The seminar organized by former Sunny Isles mayor and real estate attorney Dana Goldman hit many of the same notes of the town hall held on Key Biscayne and anchored by State Rep. Vicki Lopez and Miami-Dade Commissioner Raquel Regalado.

The effort is also bi-partisan. Both Lopez and Regalado are Republicans, while Pizzo is a Democrat.

“I don’t mean to curse, I’m sorry, but nobody in Tallahassee up until now has given a shit about people who live in condos,” Pizzo said. “It’s been the Wild Wild West and they’ve (the boards) been doing whatever they want. And that’s now finally changing.”

The panelists also included a representative from a property management company, the CEO of a business helping condominiums install electronic voting and an advocate for the rights of condominium owners.

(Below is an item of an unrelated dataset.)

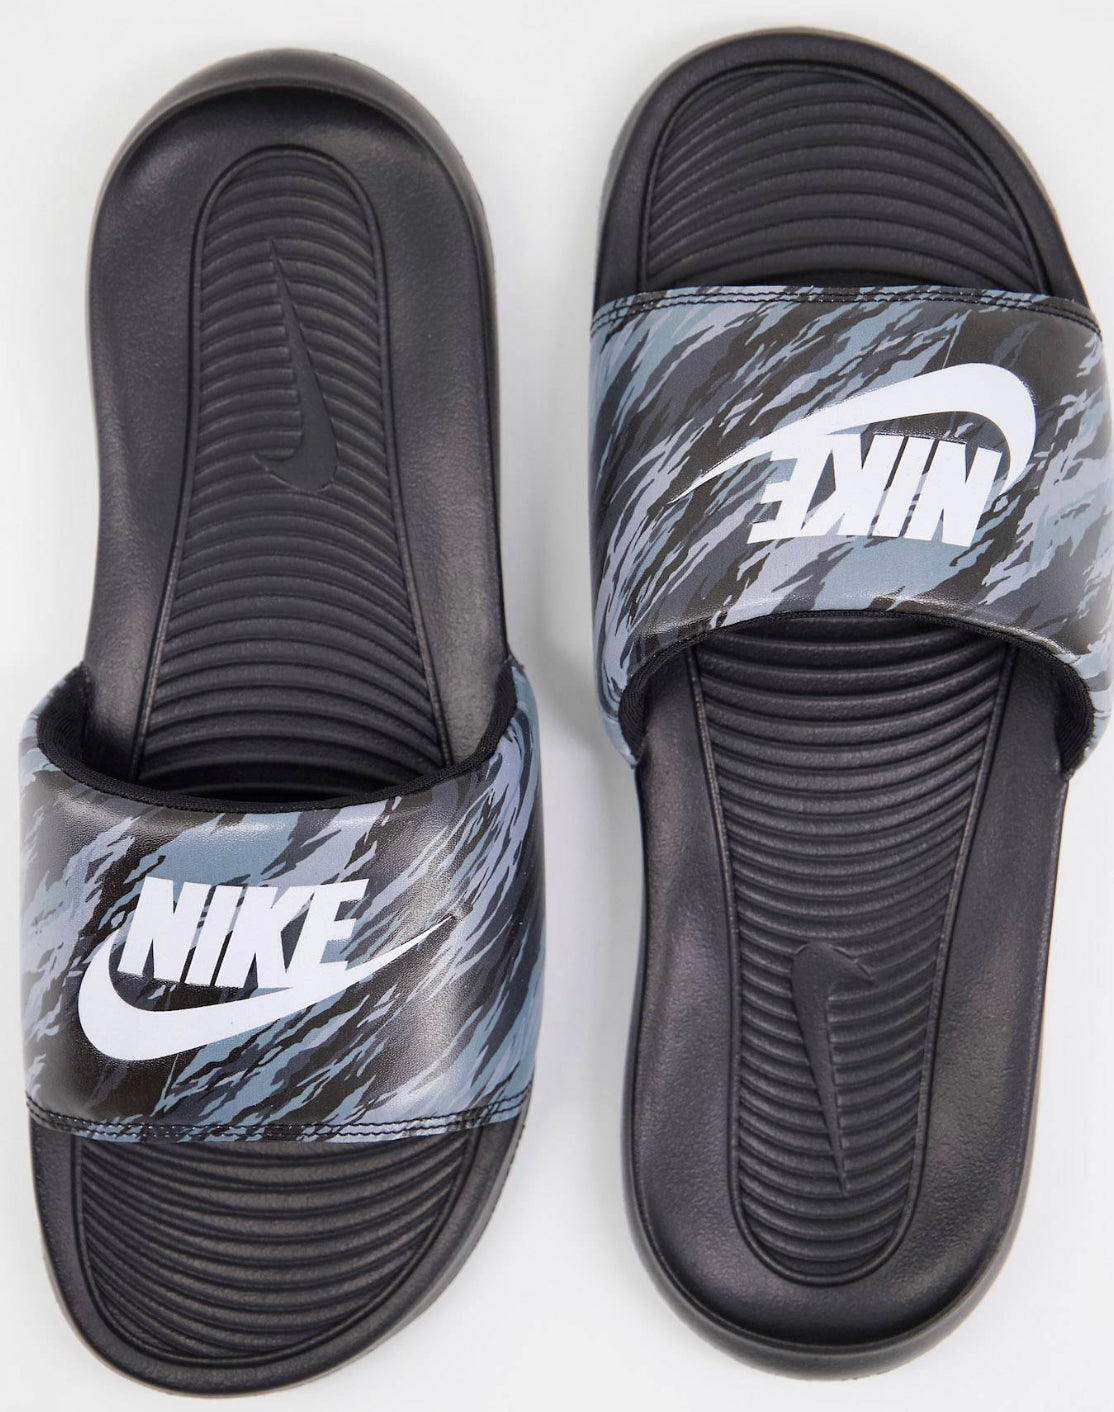 Nike Slide “Marble”

But the show belonged to Perikles and Pizzo.

At one point, Pizzo asked the crowd if they knew of any board members who have received free renovation work or other types of kickbacks from vendors. “Try two condos and Caddy,” one woman responded.

Perikles was carrying the flag for his boss, Miami-Dade State Attorney Katherine Fernandez Rundle, who on last week’s episode of the Anti-Social podcast said the perfect landing spot for any want-to-be thief is a condo board because of the lack of accountability.

Perikles, as the head of the economics crime unit, built the case against board members in the Hammocks in Kendall. Prosecutors allege more than $2 million was stolen from residents. He also oversaw the grand jury that wrote a scathing report on condominium corruption.

But the seasoned prosecutor said large law firms who represent condo boards have a huge sway in Tallahassee and any reform is still an uphill battle. “There seems to be a lot of resistance out there,” he said.

The proposed legislation is expected to be filed within days and has been called “Condo 3.0,” following reforms during the last two sessions the focused on making sure another Surfside collapse never occurs again.

Lopez has said she expects the bill to seek to expand the powers DBPR and create criminal penalties for boards who repeatedly won’t turn over requested documents to residents.

Pizzo had nothing nice to say about DBPR, calling it “useless, worthless.” “The same agency that licenses nail technicians should not also be overseeing condominiums,” he said.

Pirekles says condo residents trying to press a complaint often find themselves going to the DBPR with a complaint only for the agency to refer them back to police, saying it’s a criminal matter. Yet, when those residents go to police, they are told it’s civil and their options are either try their luck with DBPR or file a civil lawsuit, a costly proposition.